The thing is it isn’t 2020 and we have a lot more data to work with.
Also, medications both useful and not cause harm. Thus the default is to not use them unless there is some reason to believe they are actually useful or you’re conducting research. Yolo it is just a really really bad idea.
> Thus the default is to not use them unless there is some reason to believe they are actually useful or you’re conducting research. Yolo it is just a really really bad idea.
There actually was such a reason to believe:
2021, The Lancet: "Antiviral effect of high-dose ivermectin in adults with COVID-19: A proof-of-concept randomized trial"[0]:
"[A] significant difference was found in patients with higher median plasma IVM levels (72% IQR 59–77) versus untreated controls (42% IQR 31–73) (p = 0·004)."
2021, The Japanese Journal of Antibiotics: "Global trends in clinical studies of ivermectin" (authored by 4 doctors, including Satoshi Ōmura, winner of the Nobel Prize in 2015 for his work on ivermectin)[1]:
"As of the 27th of February 2021, the results of 42 clinical studies worldwide have undergone meta-analysis and concluded that ivermectin is effective in the treatment and prevention of COVID-19. In the UK, a consensus-based recommendation by 75 healthcare professionals from 17 countries around the world has been carried out and submitted to the WHO to further encourage the issuance of guidelines for the use of ivermectin in the treatment and prevention of COVID-19."
2017, The Journal of Antibiotics: "Ivermectin: enigmatic multifaceted ‘wonder’ drug continues to surprise and exceed expectations"[2]:
"Recent research has confounded the belief, held for most of the past 40 years, that ivermectin was devoid of any antiviral characteristics. Ivermectin has been found to potently inhibit replication of the yellow fever virus, with EC50 values in the sub-nanomolar range.
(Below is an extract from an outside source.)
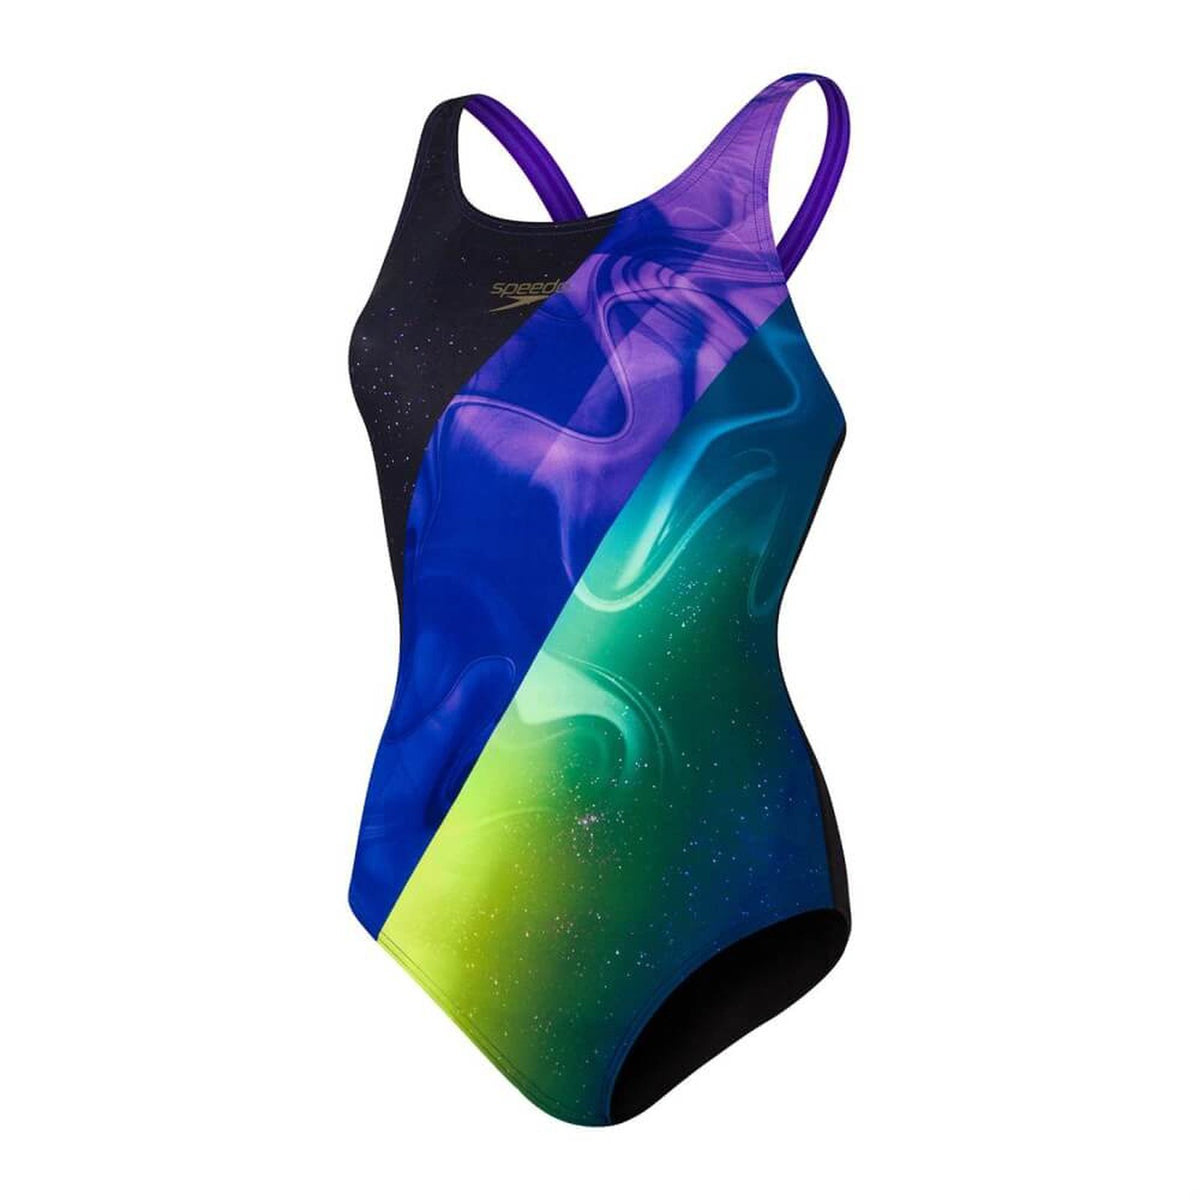 Speedo Women's Placement Digital Medalist Swimsuit - Black/Purple

It also inhibits replication in several other flaviviruses, including dengue, Japanese encephalitis and tick-borne encephalitis, probably by targeting non-structural 3 helicase activity. Ivermectin inhibits dengue viruses and interrupts virus replication, bestowing protection against infection with all distinct virus serotypes, and has unexplored potential as a dengue antiviral. Ivermectin has also been demonstrated to be a potent broad-spectrum specific inhibitor of importin α/β-mediated nuclear transport and demonstrates antiviral activity against several RNA viruses by blocking the nuclear trafficking of viral proteins. It has been shown to have potent antiviral action against HIV-1 and dengue viruses, both of which are dependent on the importin protein superfamily for several key cellular processes. Ivermectin may be of import in disrupting HIV-1 integrase in HIV-1 as well as NS-5 (non-structural protein 5) polymerase in dengue viruses."
There where several reviews mislead because: “ The hype around ivermectin is driven by some studies where the effect size for ivermectin is frankly not credible, and this has driven the conclusions in other reviews. The study with a huge effect has now been retracted as fake. Careful appraisal is the cornerstone of Cochrane’s work, and with such extreme public demands for a drug to work during the pandemic, it remains vital that we hold onto our scientific principles to guide care.” https://cidg.cochrane.org/news/new-cochrane-review-ivermecti...
“Eight studies had an open-label design, six were double-blind and placebo-controlled. Of the 41 study results contributed by included studies, about one third were at overall high risk of bias. Ivermectin doses and treatment duration varied among included studies.“
“We are uncertain whether ivermectin compared to placebo or standard of care reduces or increases mortality”
“Authors' conclusions: Based on the current very low- to low-certainty evidence, we are uncertain about the efficacy and safety of ivermectin used to treat or prevent COVID-19. The completed studies are small and few are considered high quality. Several studies are underway that may produce clearer answers in review updates. Overall, the reliable evidence available does not support the use ivermectin for treatment or prevention of COVID-19 outside of well-designed randomized trials.”
It’s easy to understand why people where mislead by a fake study, but in 2023 we just have better data and better treatments.
Also, medications both useful and not cause harm. Thus the default is to not use them unless there is some reason to believe they are actually useful or you’re conducting research. Yolo it is just a really really bad idea.